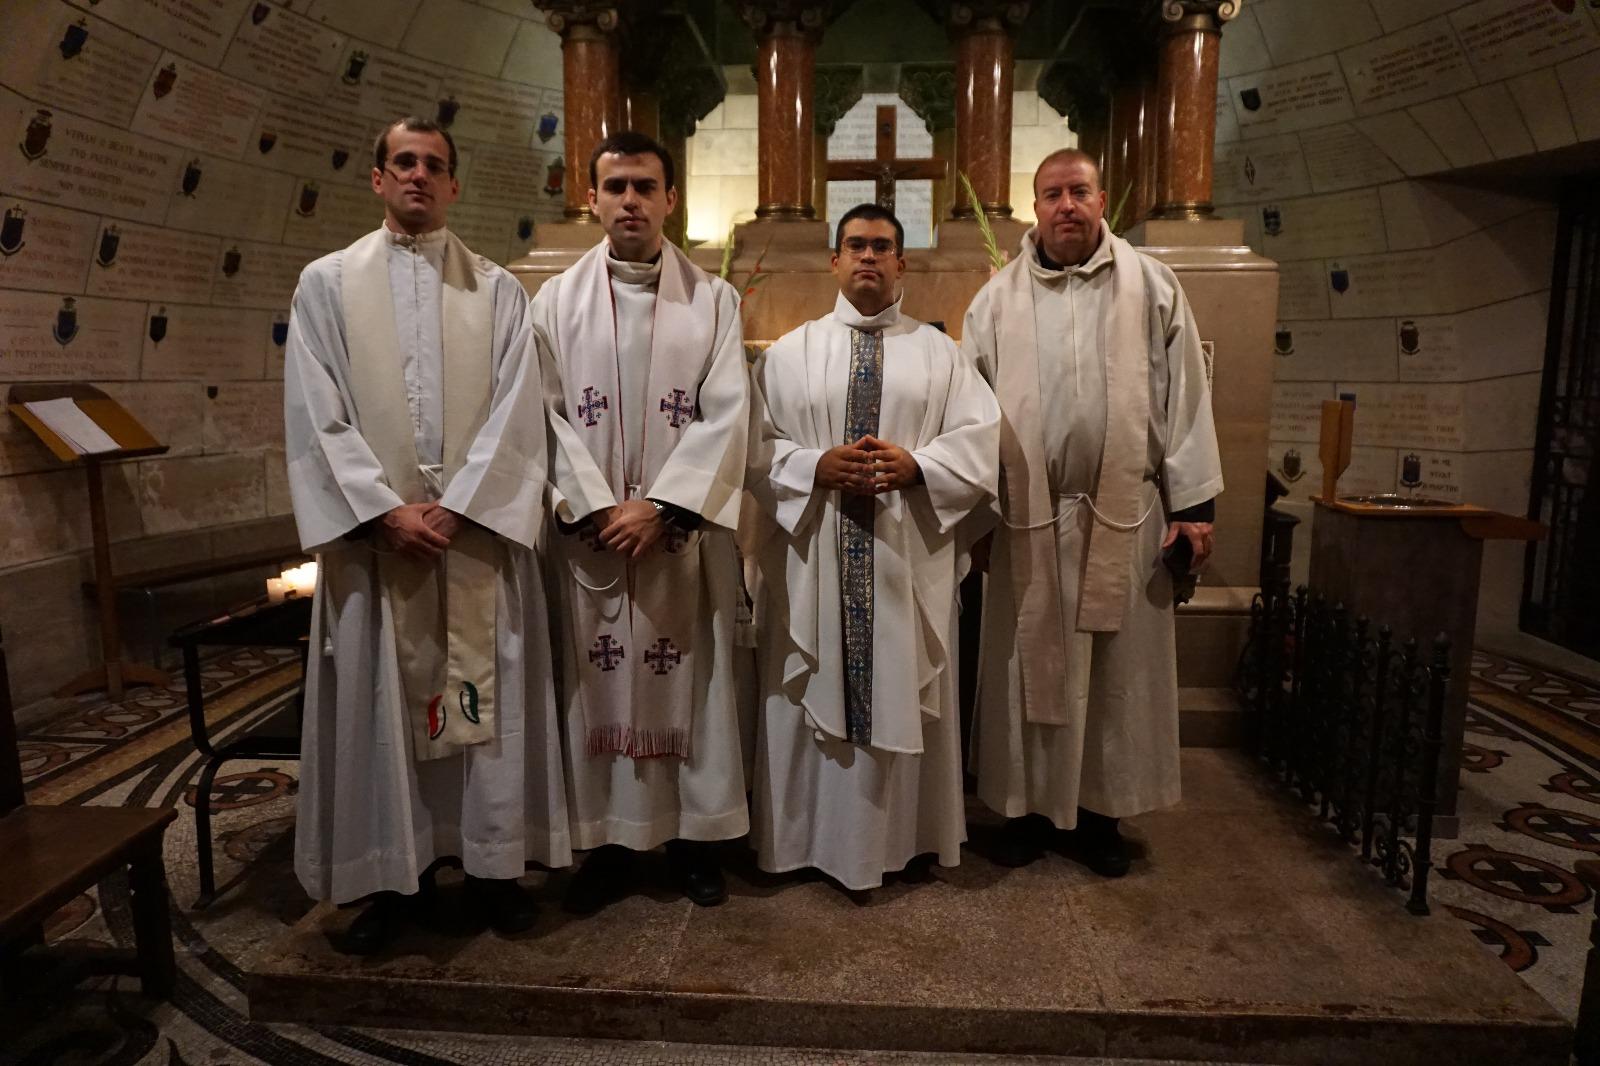 Luego de la Misa en la tumba de San Martín
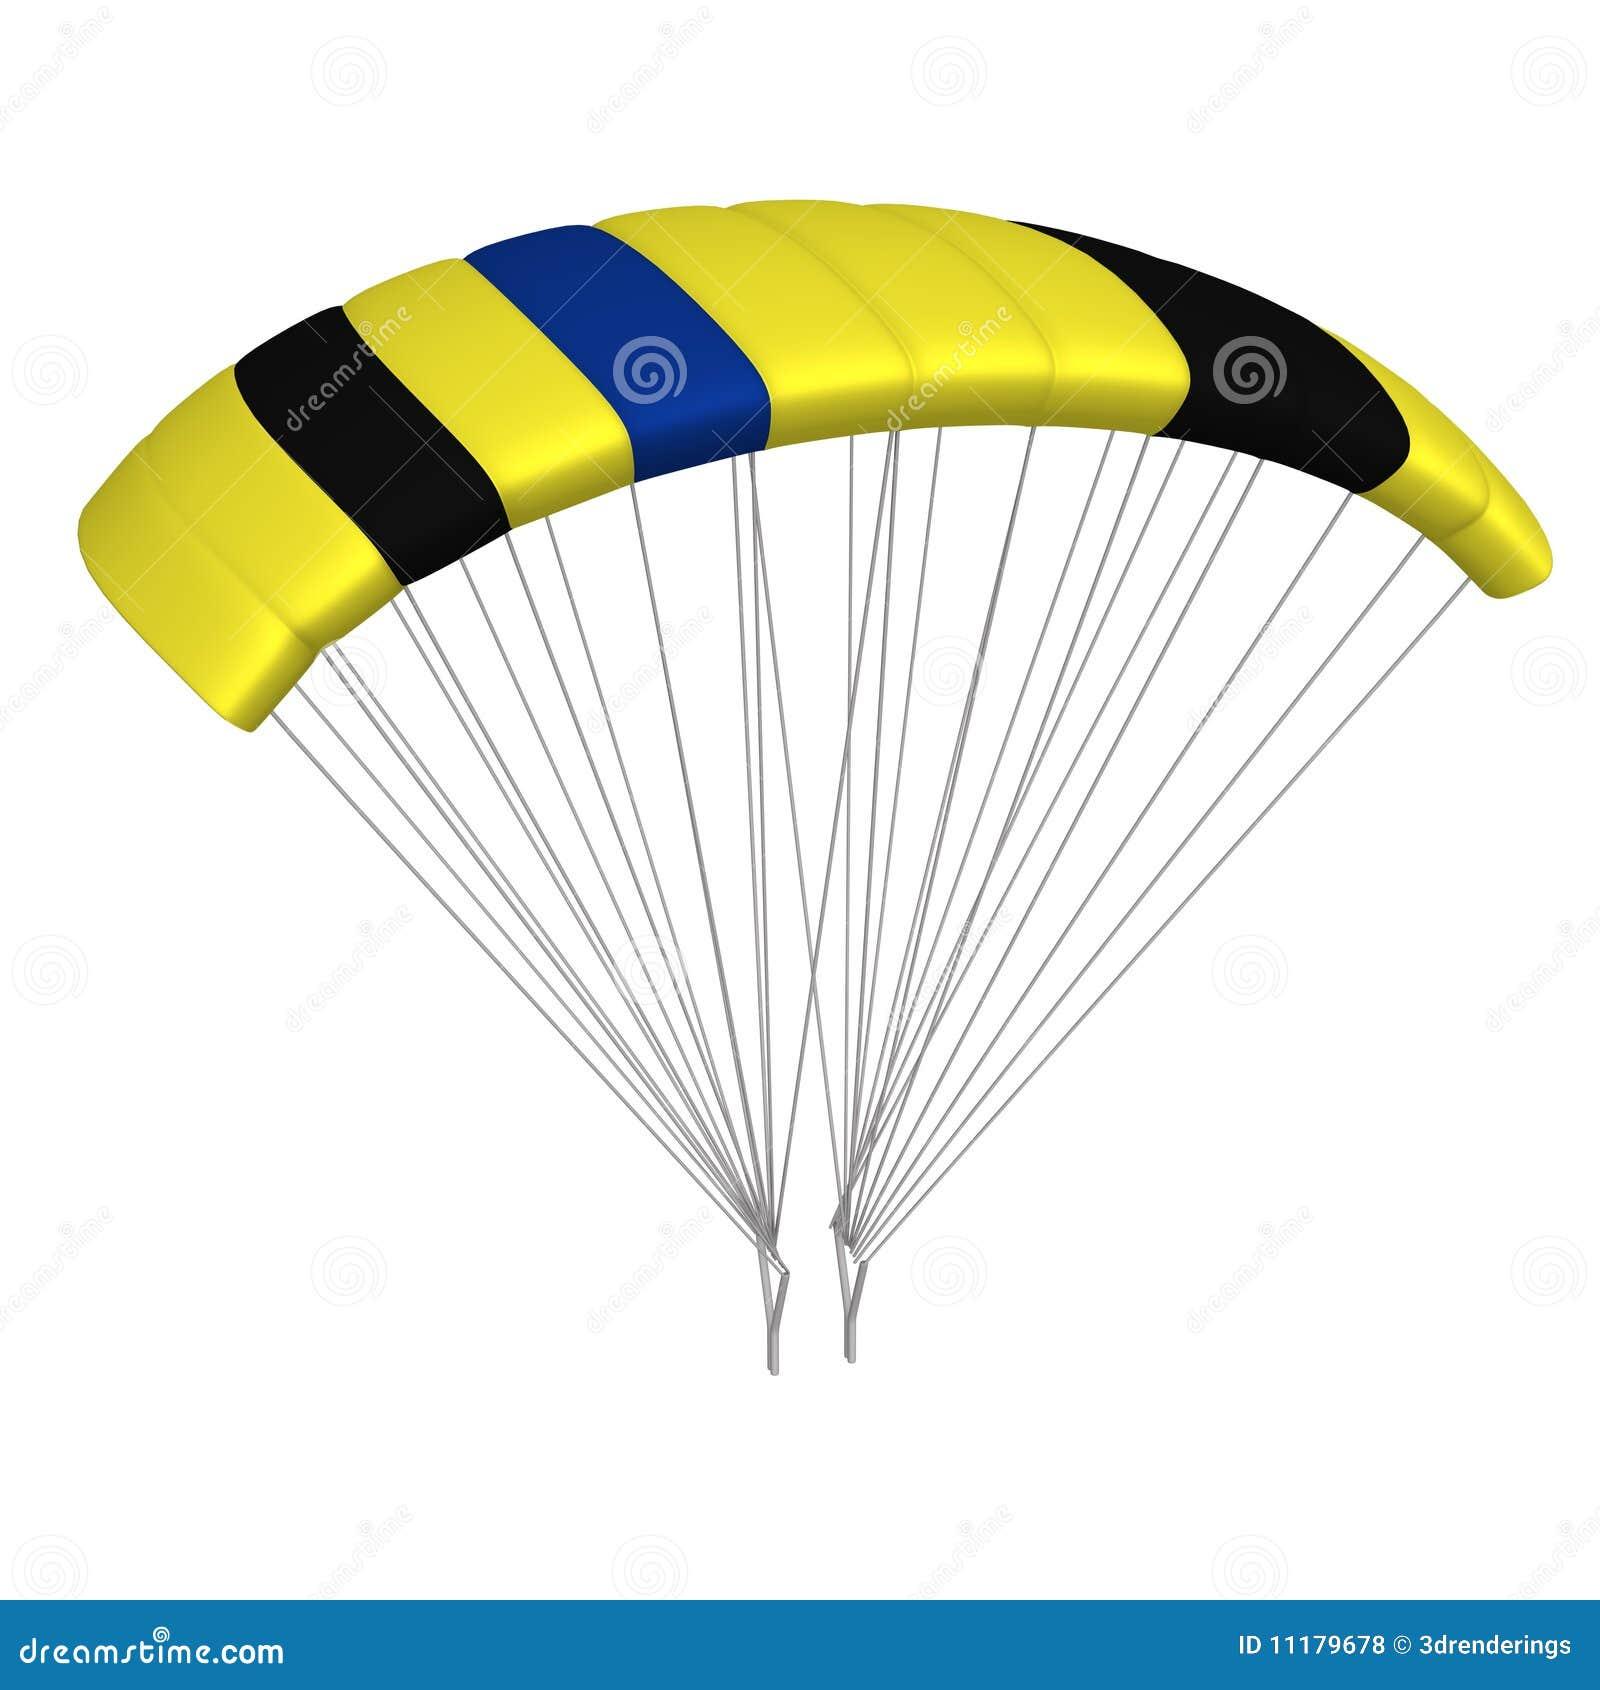 Design A Parachute Game
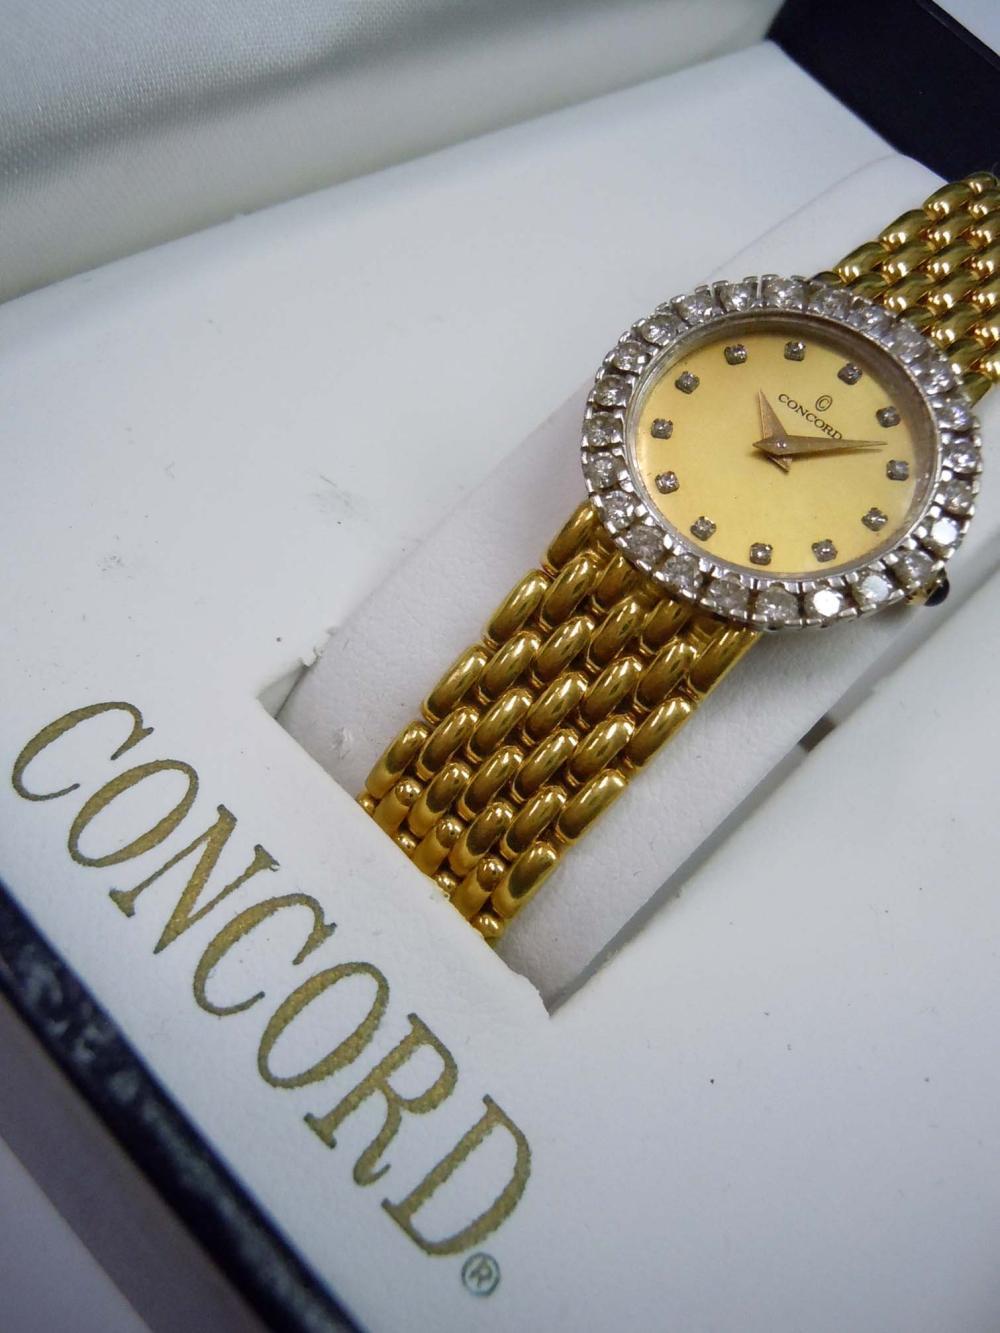 LADIES CONCORD 14Kt GOLD 1.25Ct CHAMPAGNE DIAMOND DIAL w Box
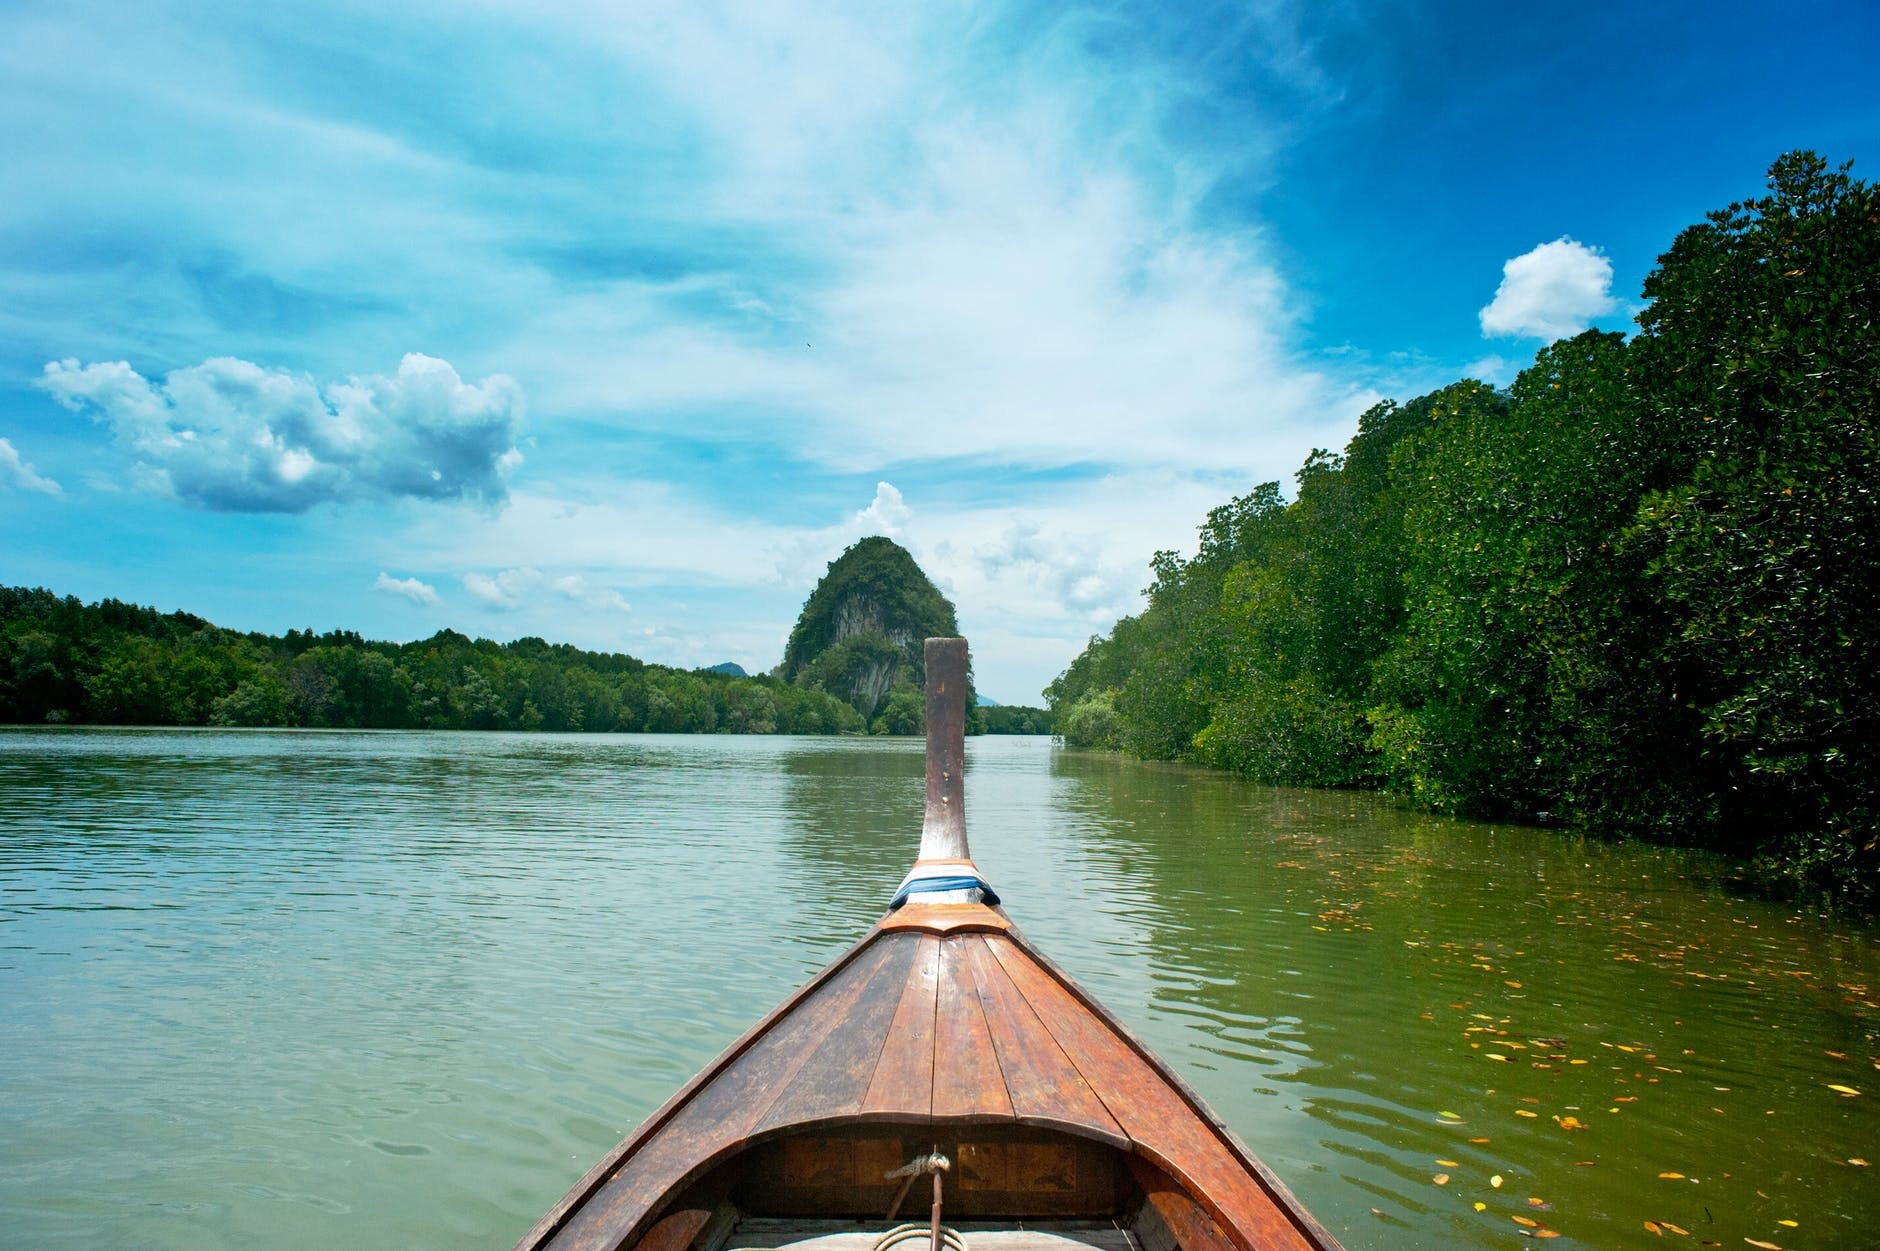 brown wooden canoe near trees

----------

Task brief> Copy out the listing exactly as it stands, but not the pictures.

Response to this task>
 Luego de la Misa en la tumba de San Martín
 Design A Parachute Game
 LADIES CONCORD 14Kt GOLD 1.25Ct CHAMPAGNE DIAMOND DIAL w Box
 brown wooden canoe near trees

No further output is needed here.